The first function that is assigned to a feature solves it and each additional function changes the previously solved feature. Thereby each function can calculate statistical values for the feature using variance propagation. In OpenIndy there are five different types of functions which are described in the following table.
function type description
fit function If overdetermination is present, fit functions have the purpose to calculate the adjusted parameters of a geometry by using observations. So for example a fit function can calculate the center of n xyz-observations.
construct function Construct functions are used to calculate geometries by using other geometries. For example the intersection of a line and a plane results in a new point.
geodetic function Geodetic functions are intended to calculate special geodetic tasks like spatial intersection etc..
object transformation In contrast to fit- and construct functions, object transformations do not define a geometry, but change a previously defined one. A point which has been fit before can for instance be moved along a line by a certain amount.
system transformation System transformations are used to calculate the parameters of a transformation from one coordinate system to another one.
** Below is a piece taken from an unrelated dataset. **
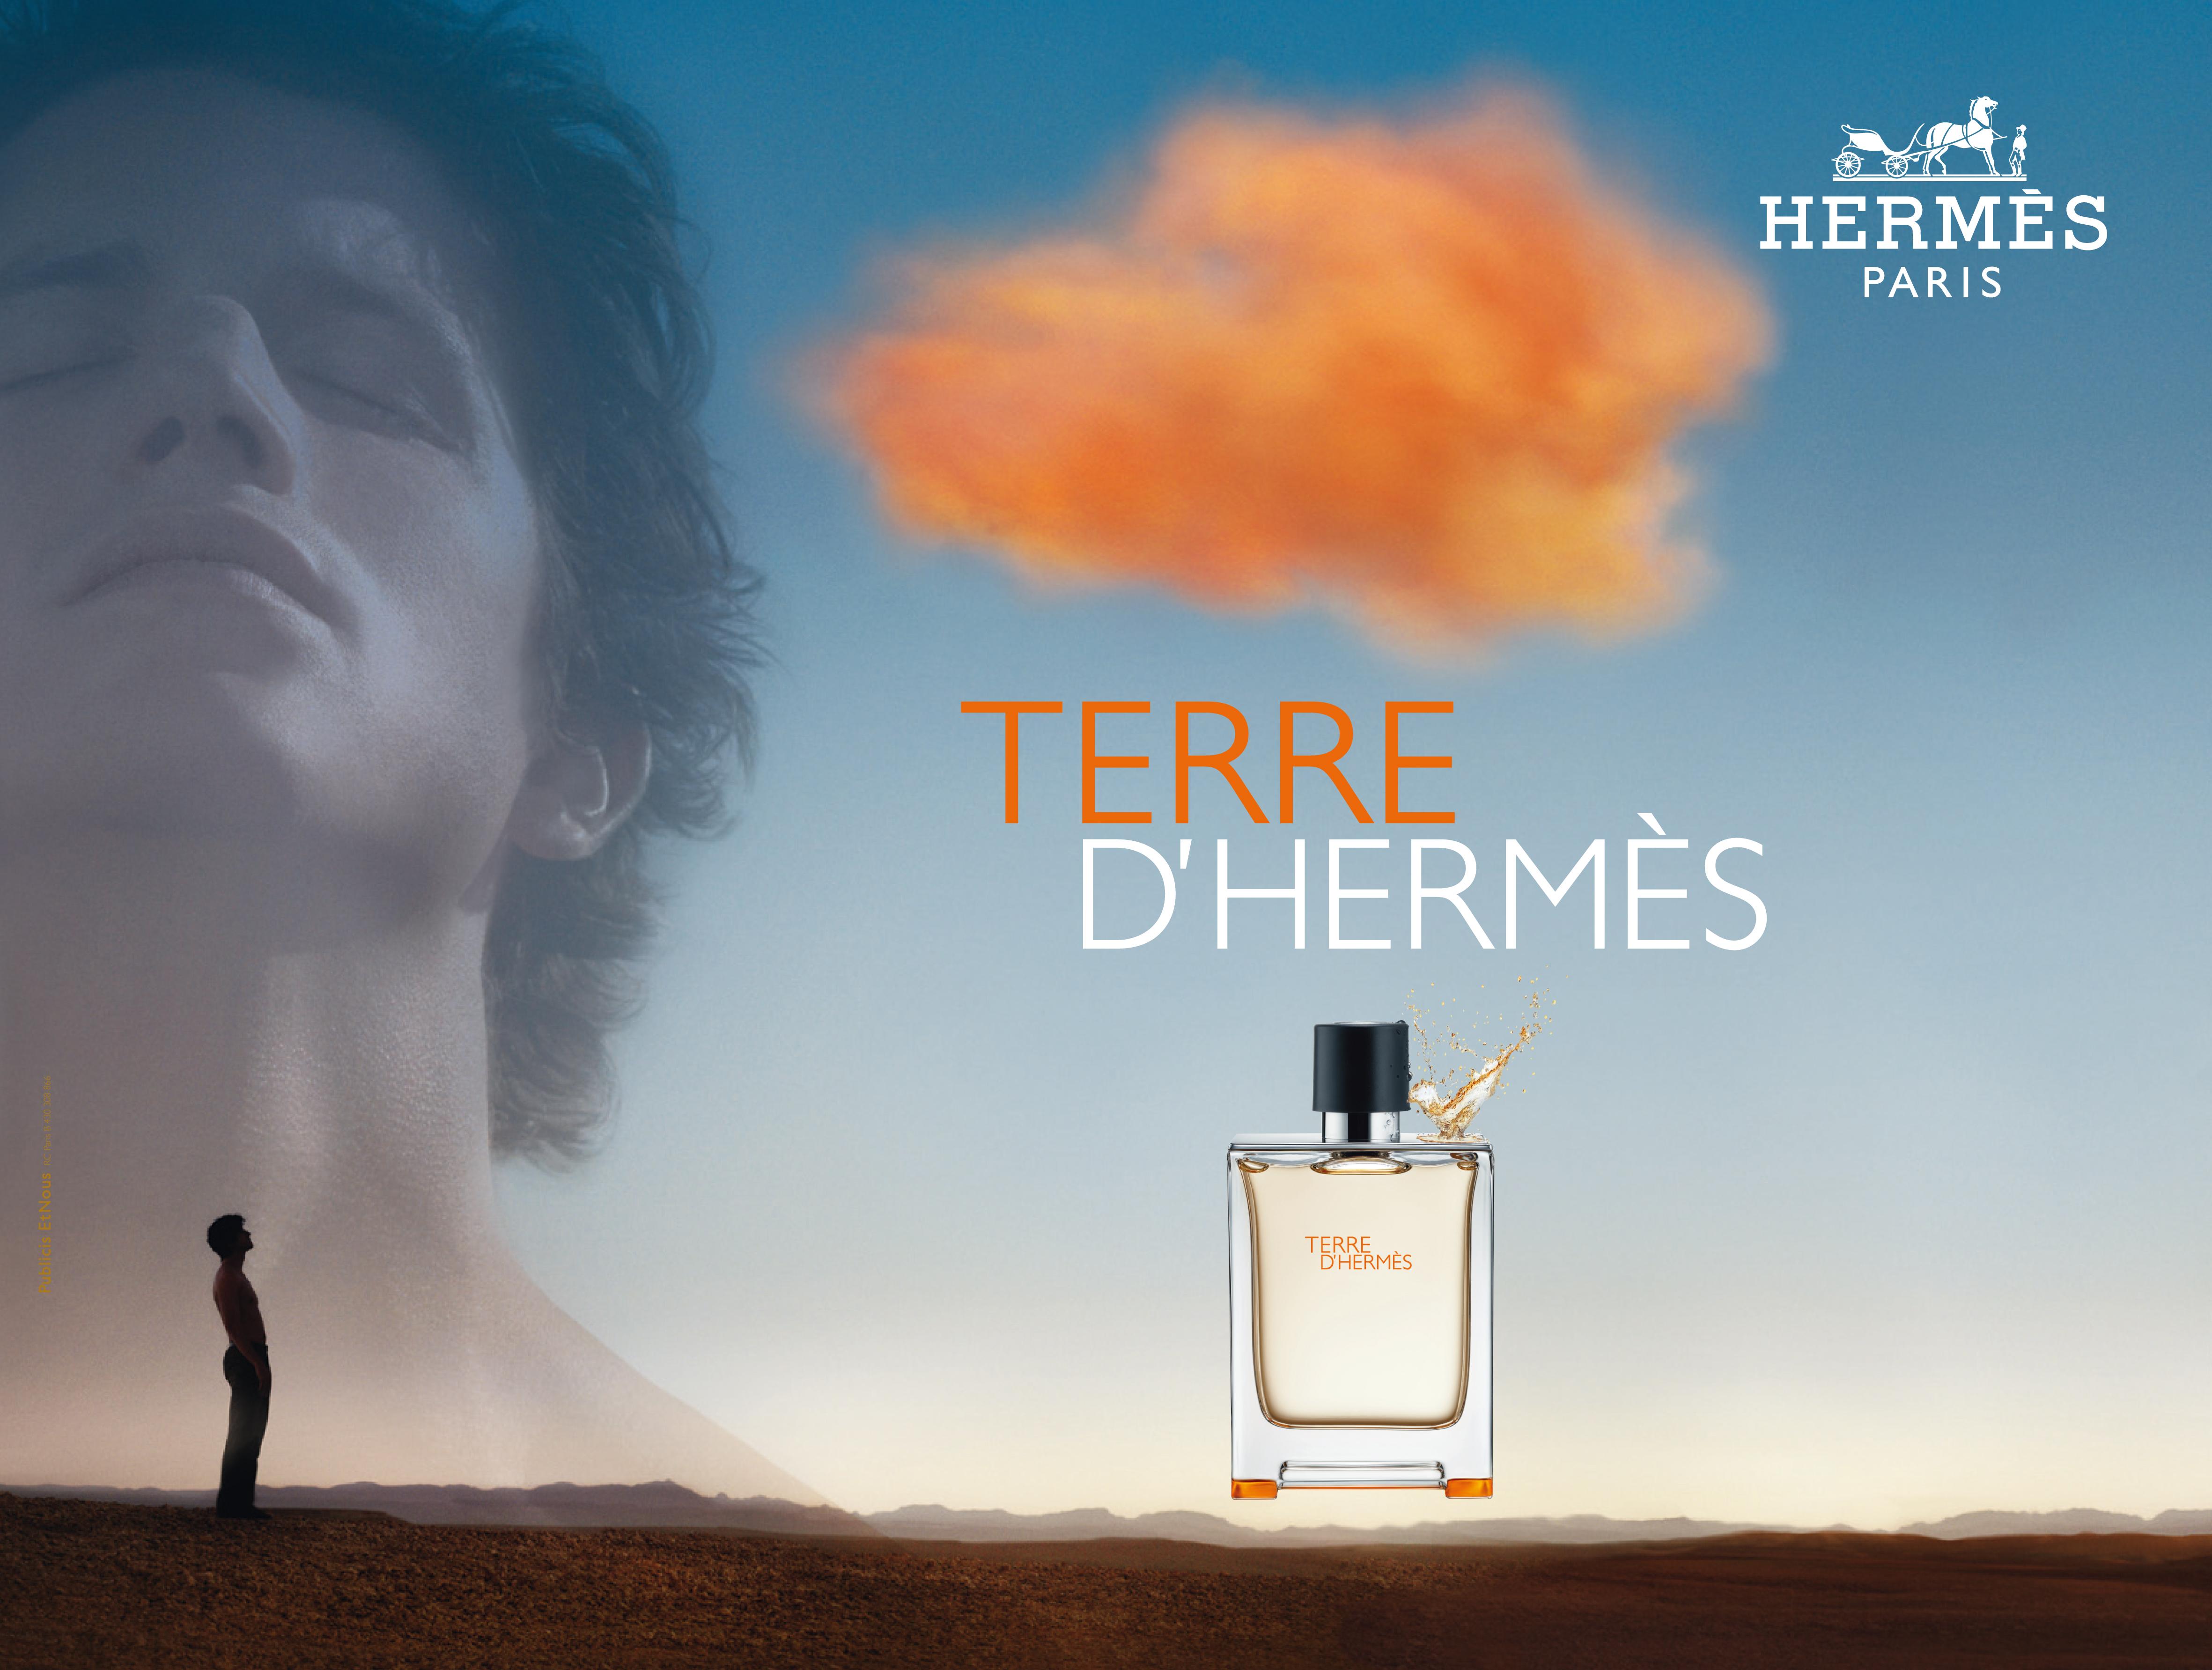 hermes perfume terre d hermes by nicolas dumont at. Black Bedroom Furniture Sets. Home Design Ideas

While object transformations can only be assigned to a feature that was previously solved by another function, the other function types are meant to solve a feature so functions of those types can only be assigned to a feature once and only as the first function. (For example you cannot shift a point that has never been solved.) To better understand this concept let us consider a concrete example:

In OpenIndy you can for example create a point feature which you then can measure with a sensor of your choice. This results in n observations and precision values for each of those observations. When you now add the function "Best Fit" to the point feature you get the adjusted coordinates of the point. Therefor the function "Best Fit" uses the n observations and their precision values. Besides the adjusted coordinates this function also calculates the covariance matrix ∑XX with the accuracy of the parameters of the point (X,Y,Z) and their correlation. Now let us assume that you want to shift the adjusted point along the normal vector of a plane by a specified amount. So you add another function "Translate by Plane" to the point. This function needs a plane and a distance to be executed, so you have to input a plane and a distance which may both have been solved by a chain of functions before. In summary the function "Translate by Plane" gets the adjusted point with its covariance matrix, a plane with a covariance matrix and a distance with its accuracy as input. Because this function knows its functional relationship it is able do variance propagation. As the result you get the covariance matrix of the shifted point and, of course, the coordinates of the shifted point itself. OpenIndy allows you to implement you own functions. Therefor you have to write a plugin (or extend an existing one). How this works is described [here](https://github.com/OpenIndy/OiPluginTemplate/wiki).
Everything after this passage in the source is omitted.